Der Wachposten auf der Hafenseite des Wassertores schielte desinteressiert in Elisabeths Körbchen und ließ sie ohne Umstände zurück in die Stadt.

Ein Schwarm Nebelkrähen zog quarrend zu den Gärten und Bäumen der Innenstadt, während die Möwen dort mit ihren schrillen Rufen über die alten Dächer schwirrten.

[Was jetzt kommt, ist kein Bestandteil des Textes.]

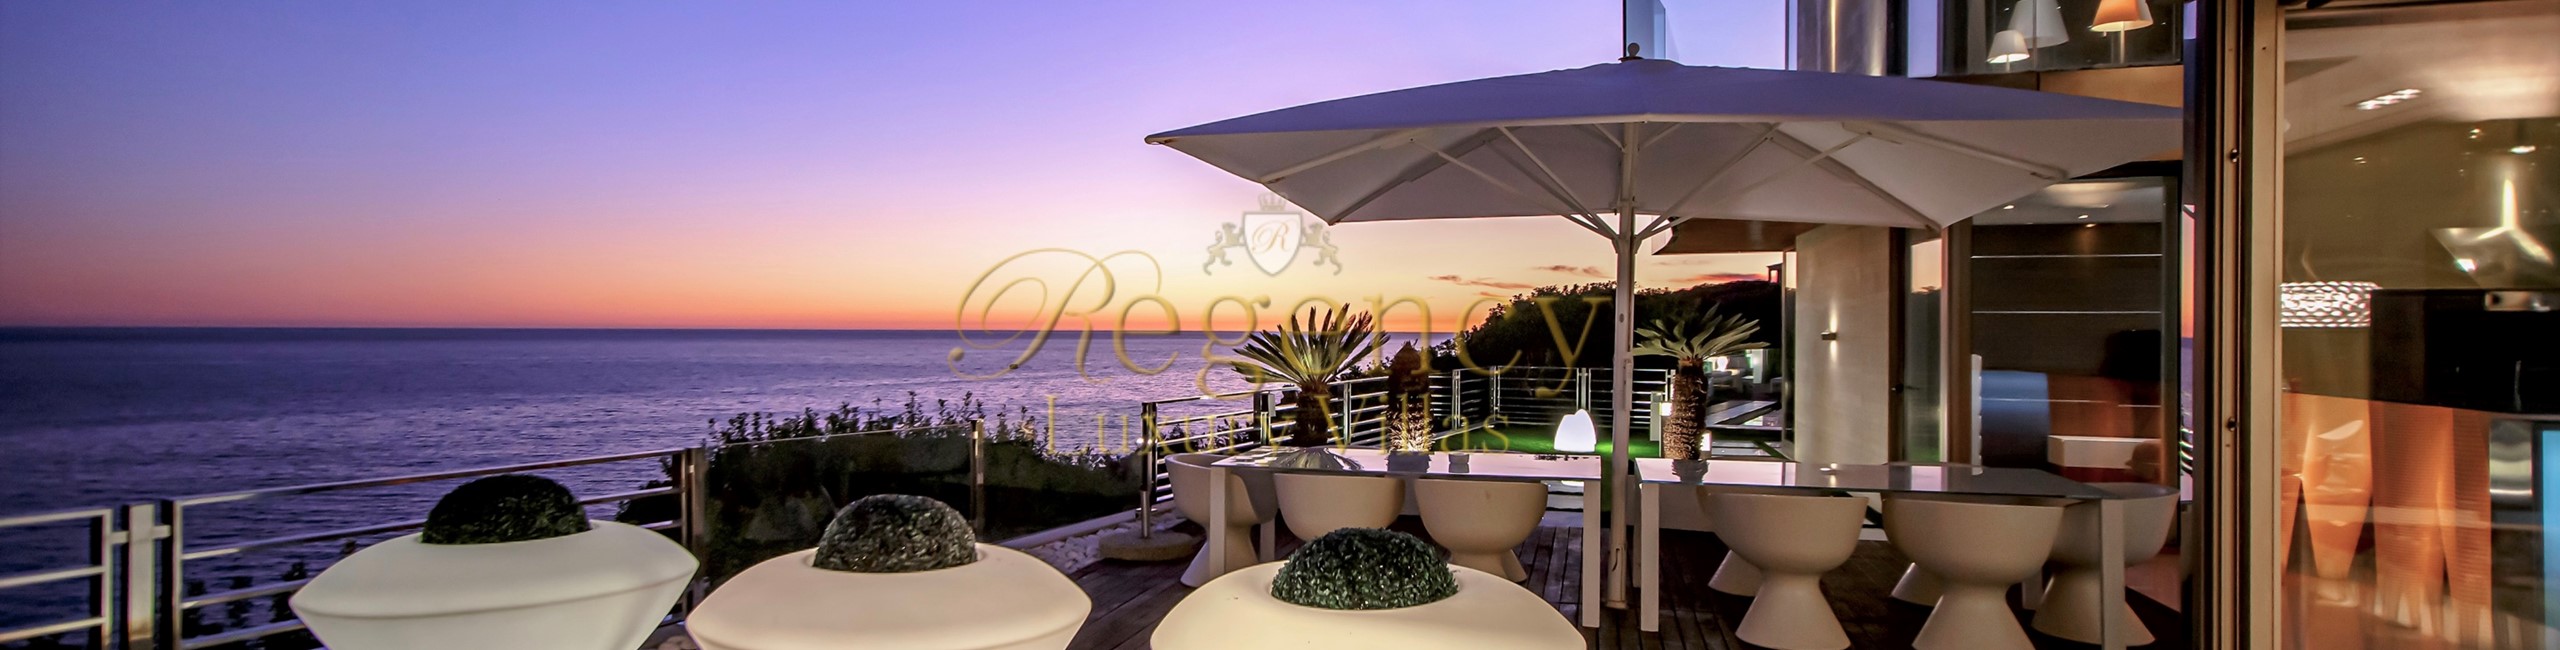 Algarve Property To Rent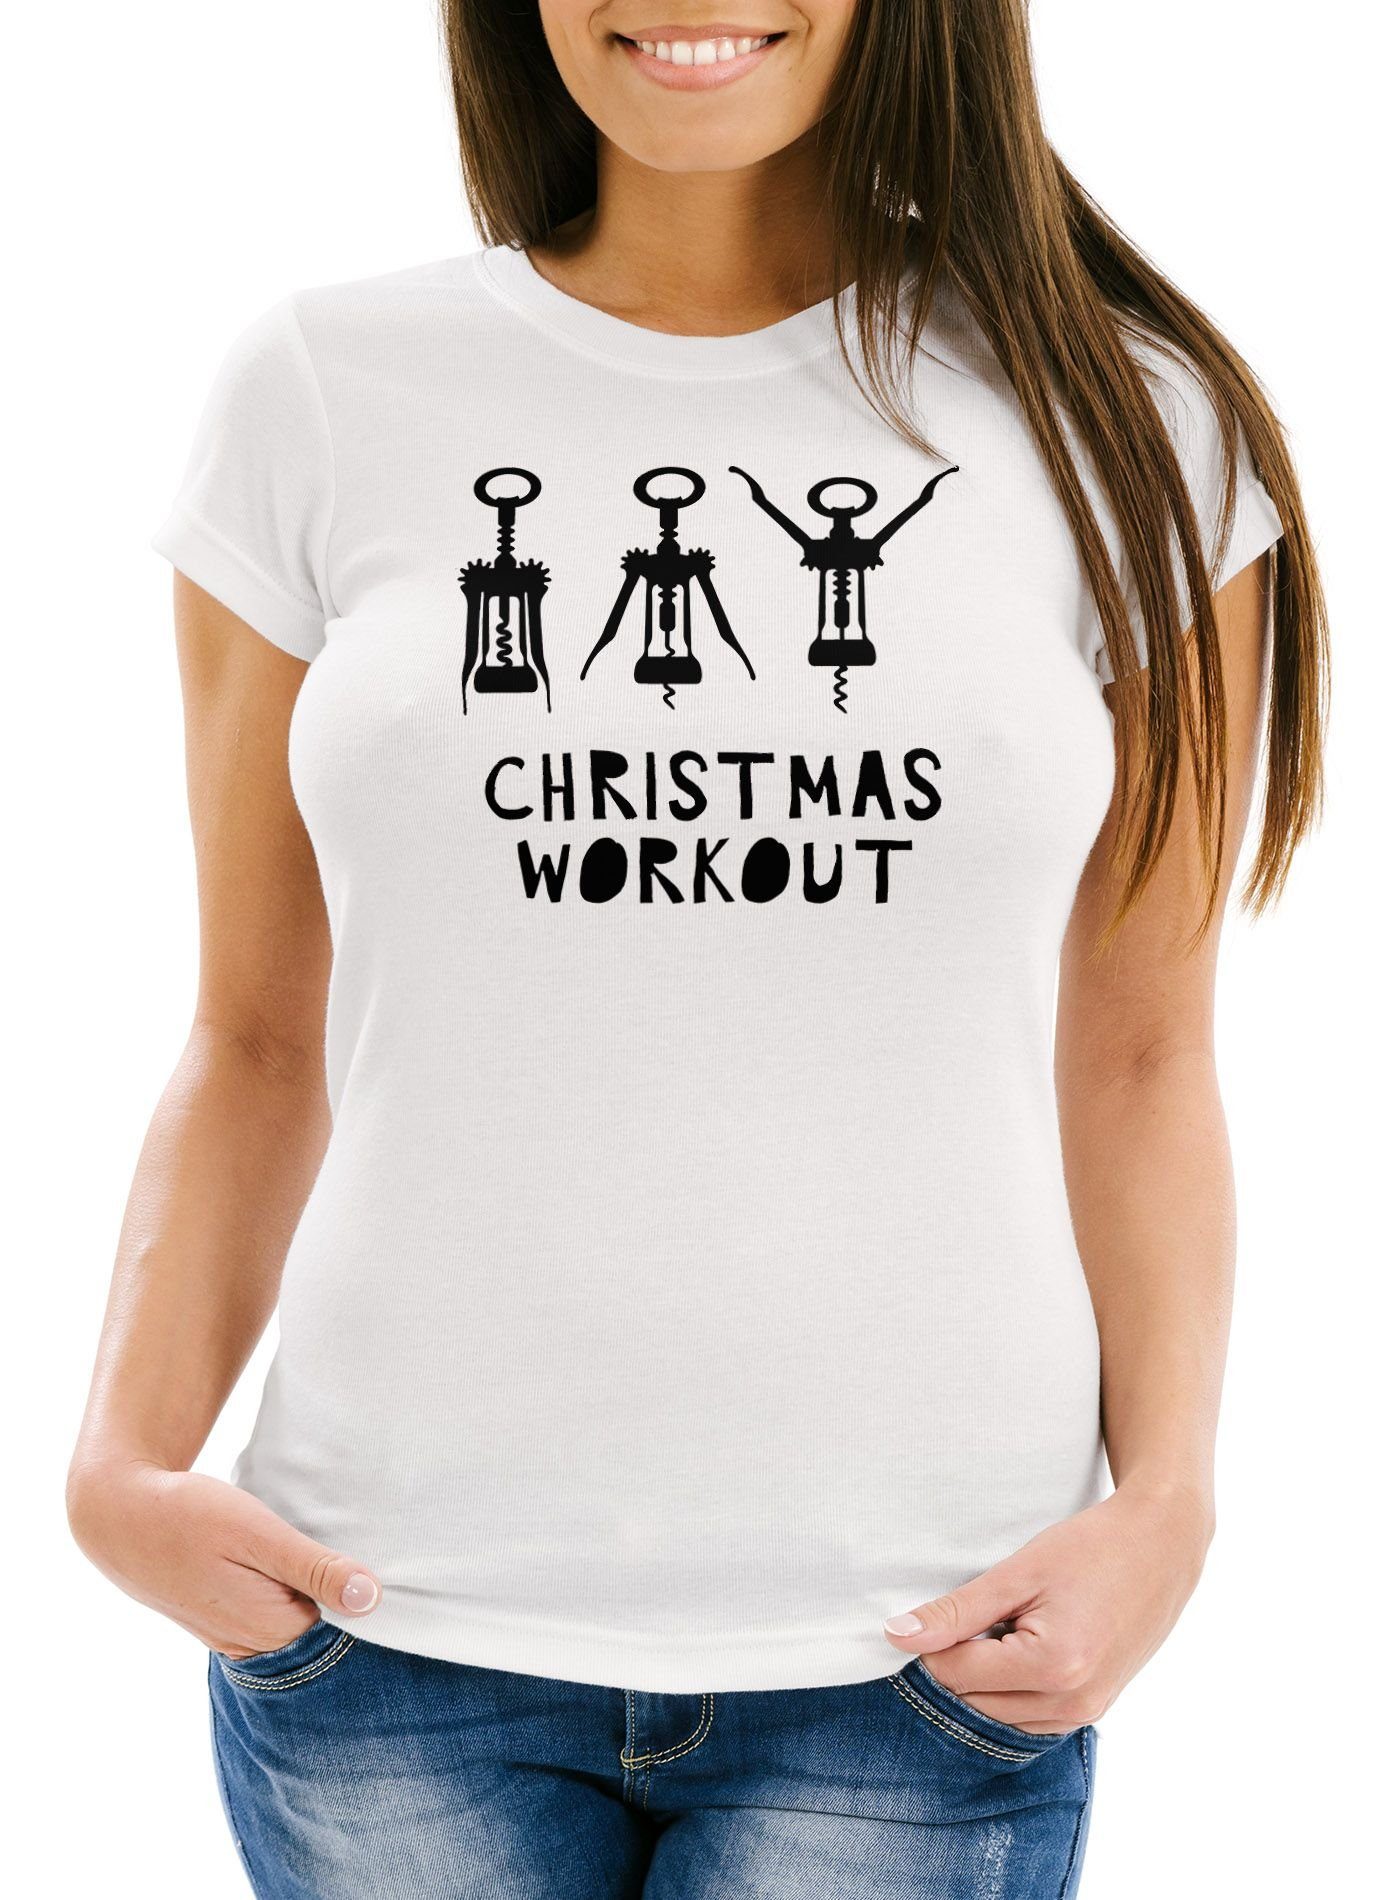 MoonWorks Print-Shirt Wein lustig Print Slim Moonworks® weiß Damen trinken Fun-Shirt Weihnachten mit Workout Christmas Korkenzieher Fit Flaschenöffner T-Shirt

Auf der Straße, die zur Grube und dem Haus, in dem sie nun seit vier Jahren mit Meister Braun und dessen Frau die Kleider für bessergestellte Bürger nähte, zog Elisabeth ihr Schultertuch über den Kopf. Es fröstelte sie – zum ersten Mal in diesem Jahr …

An jenem Mittag schickte der Schneidermeister sie früher nach Hause, als sonst. Die Sonnenstrahlen hatten sich tatsächlich gegen Nachmittag verzogen und man wollte nicht, dass sie in ein schlimmes Wetter geraten könnte.

Auch dürfte sie am nächsten Tag gerne später kommen, hätte sie Plagen mit einem Unwetter gehabt, meinte der Meister. Schließlich war es ein Leichtes, die wichtigen Arbeiten auch zu Hause zu erledigen. Für solche Ausnahmen hatte sich Elisabeth eine Schneiderecke eingerichtet.

So packte sie einige ihre Näharbeiten in ihren Korb und ging mit eiligem Schritt zu ihrem kleinen Bürgerhaus in der Baustraße.

Dieses war, mit einem beeindruckenden Schaugiebel versehen, eines der vielen schmucken Häuser, die direkt gegenüber der Sankt Georgen Basilika standen.

Von ihrem Küchenfenster aus konnte sie zur Südwestseite des herrlichen Gebäudes blicken, fast im gleichen Winkel, wie damals bei Großmutter auf die majestätische Nikolaikirche.

Von Sankt Georgen trennte sie auch hier nur eine Straße sowie eine Reihe Linden auf ihrer und eine üppig wuchernde Baumvielfalt auf der anderen Seite.

Elisabeth spürte, dass es wichtig war, den Kamin zeitiger anzuzünden als sonst. Die vier Reichstaler, die sie an jenem Tag für Miete und Arbeit von Meister Braun bekommen hatte, legte sie sofort in ihre Geldtruhe.

Endlich eine Sorge weniger, dachte sie.